Start of DATASET SECTION
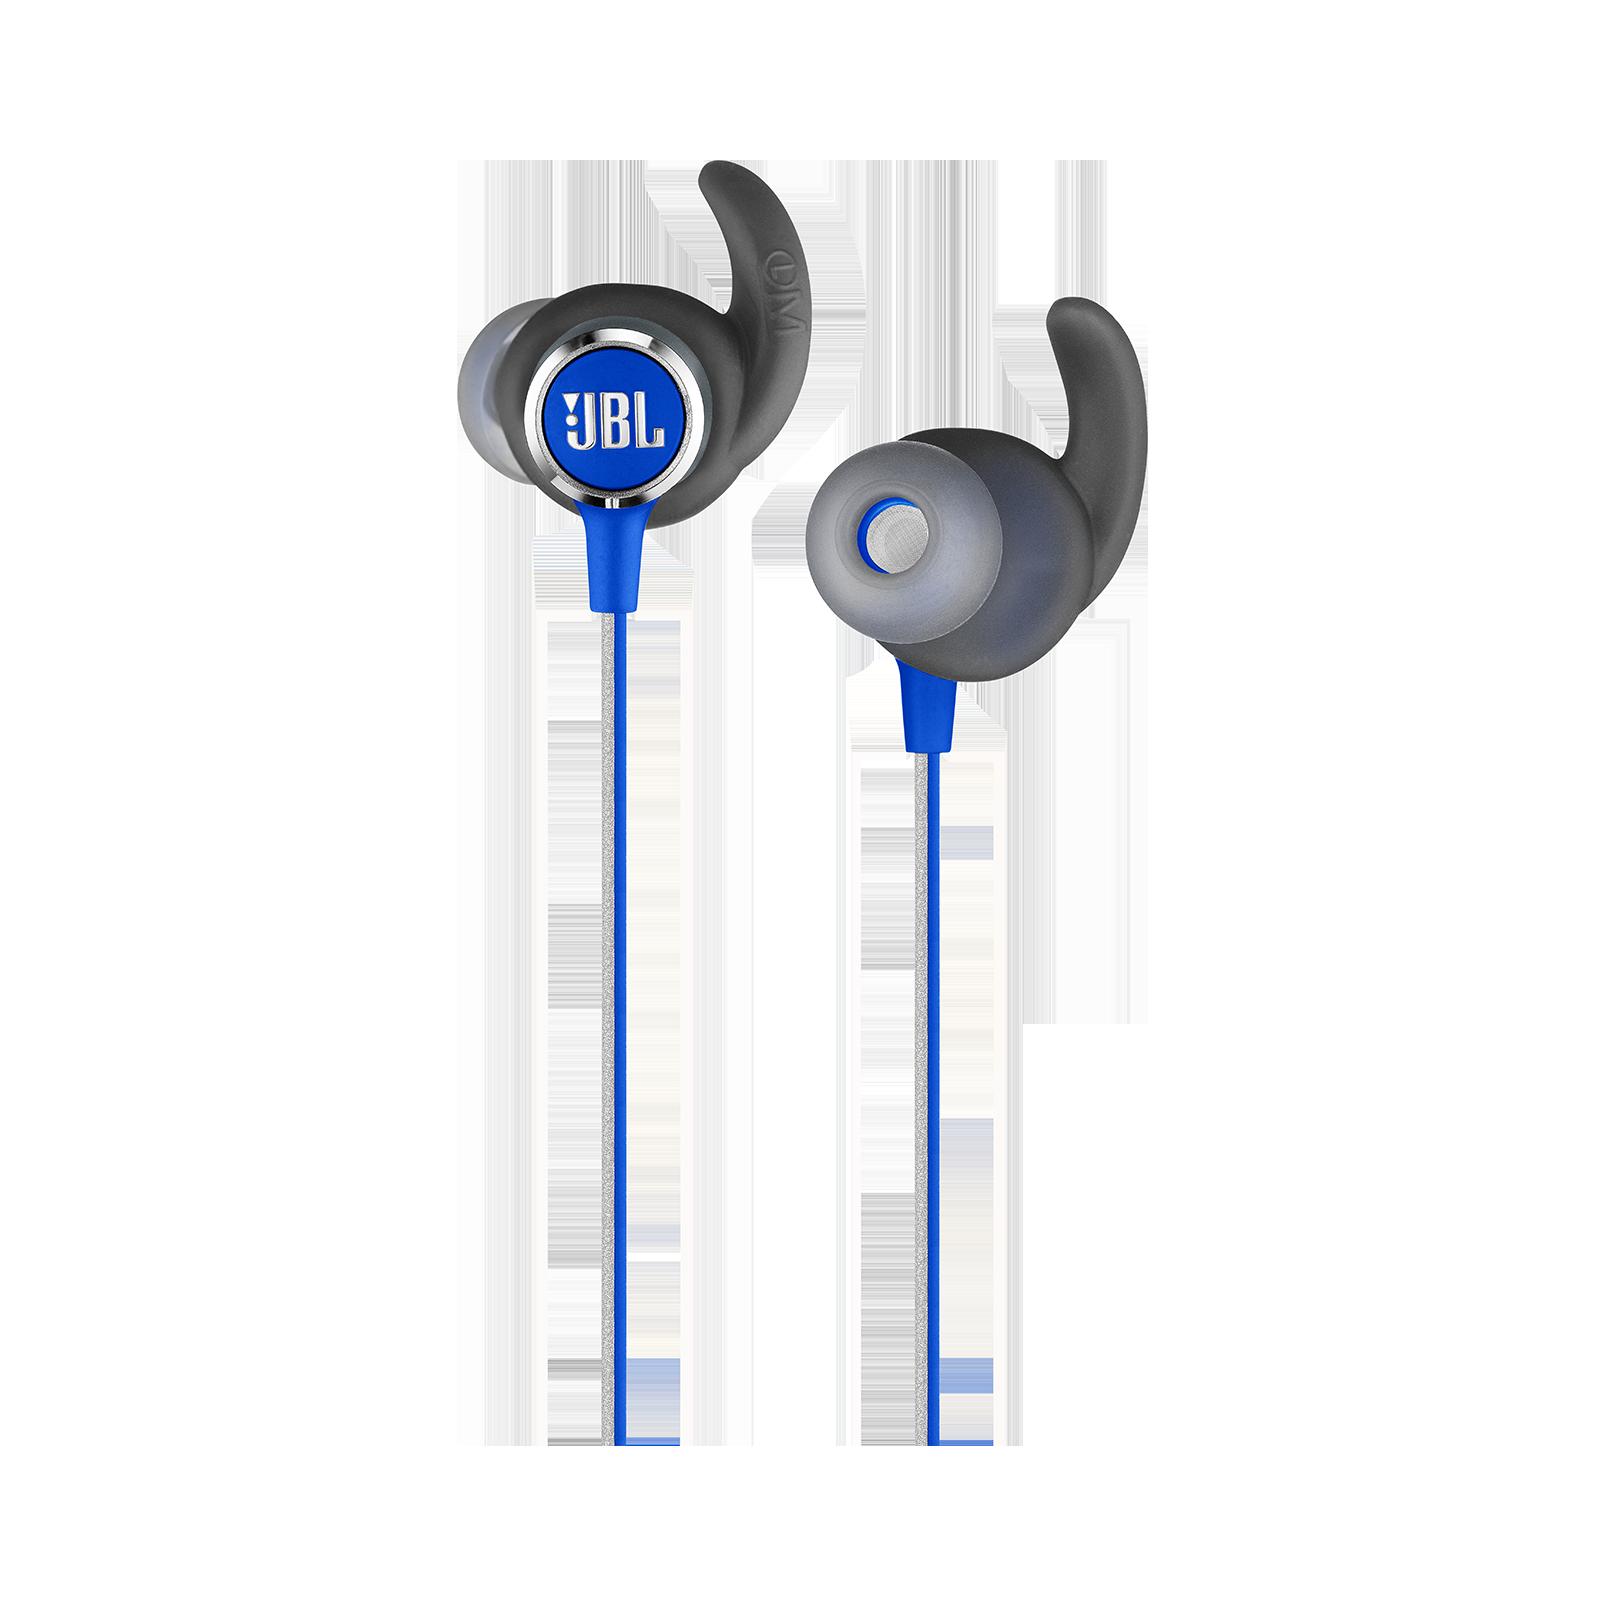 JBL REFLECT MINI 2 - Blue - Lightweight Wireless Sport Headphones - Detailshot 1
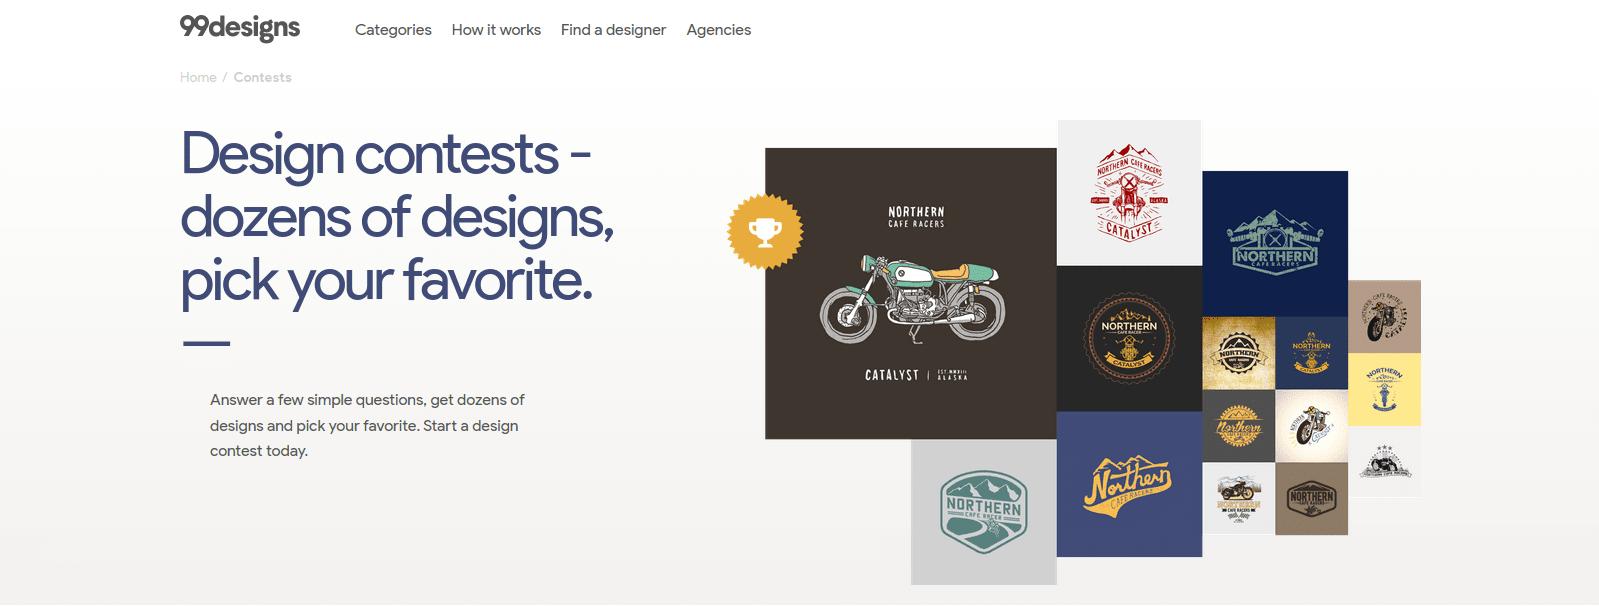 Mengikuti kontes desain bisa jadi cara mendapatkan uang dari internet yang baik.
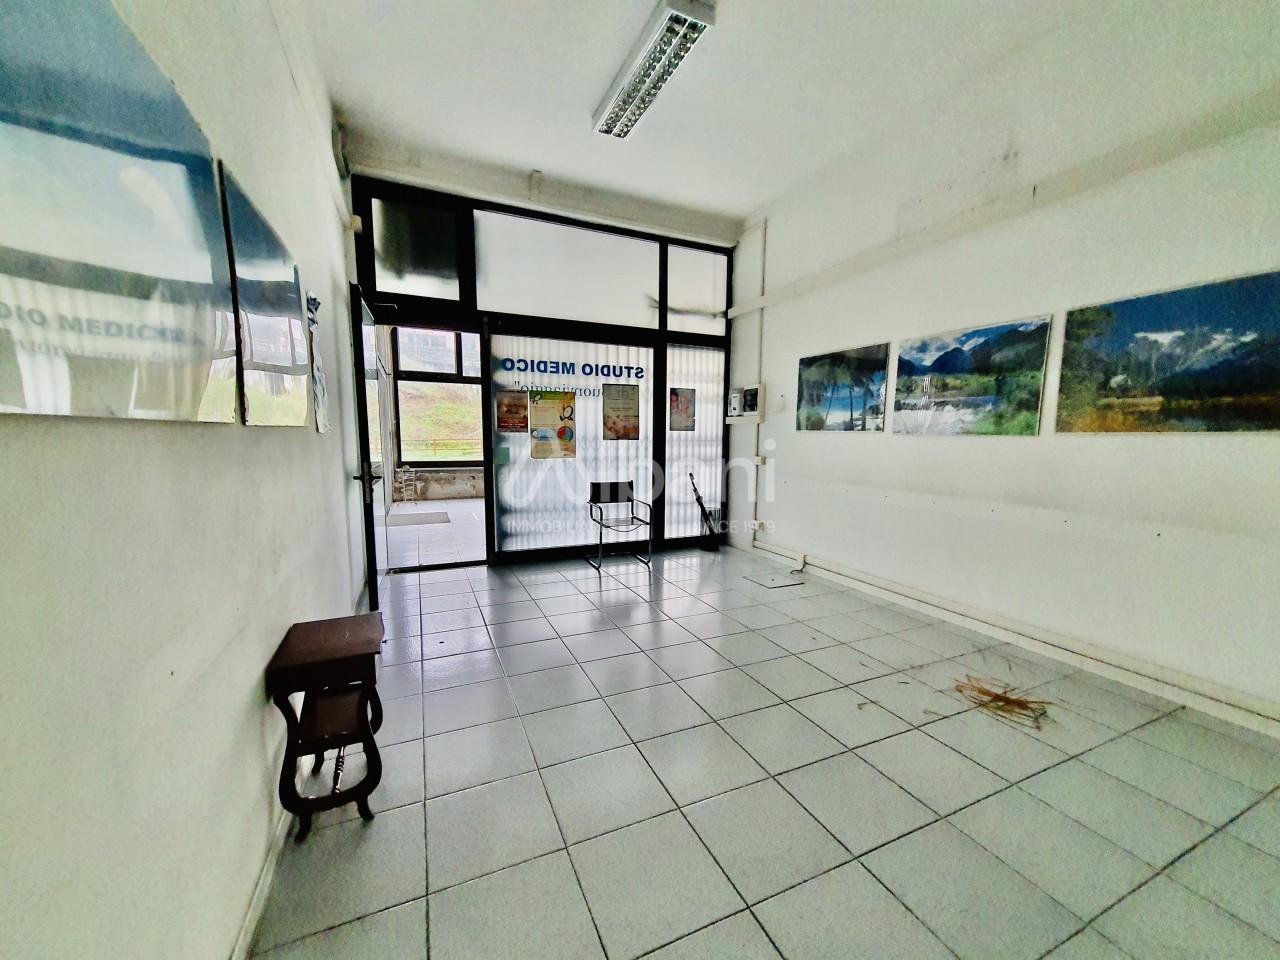 Capannone in vendita a Vezzano Ligure, 3 locali, prezzo € 60.000 | PortaleAgenzieImmobiliari.it
End of DATASET SECTION
### EXERCISE DETAILS
The pictures stay out; copy the rest of the data word for word.

### EXERCISE SOLUTION
 JBL REFLECT MINI 2 - Blue - Lightweight Wireless Sport Headphones - Detailshot 1
 Mengikuti kontes desain bisa jadi cara mendapatkan uang dari internet yang baik.
 Capannone in vendita a Vezzano Ligure, 3 locali, prezzo € 60.000 | PortaleAgenzieImmobiliari.it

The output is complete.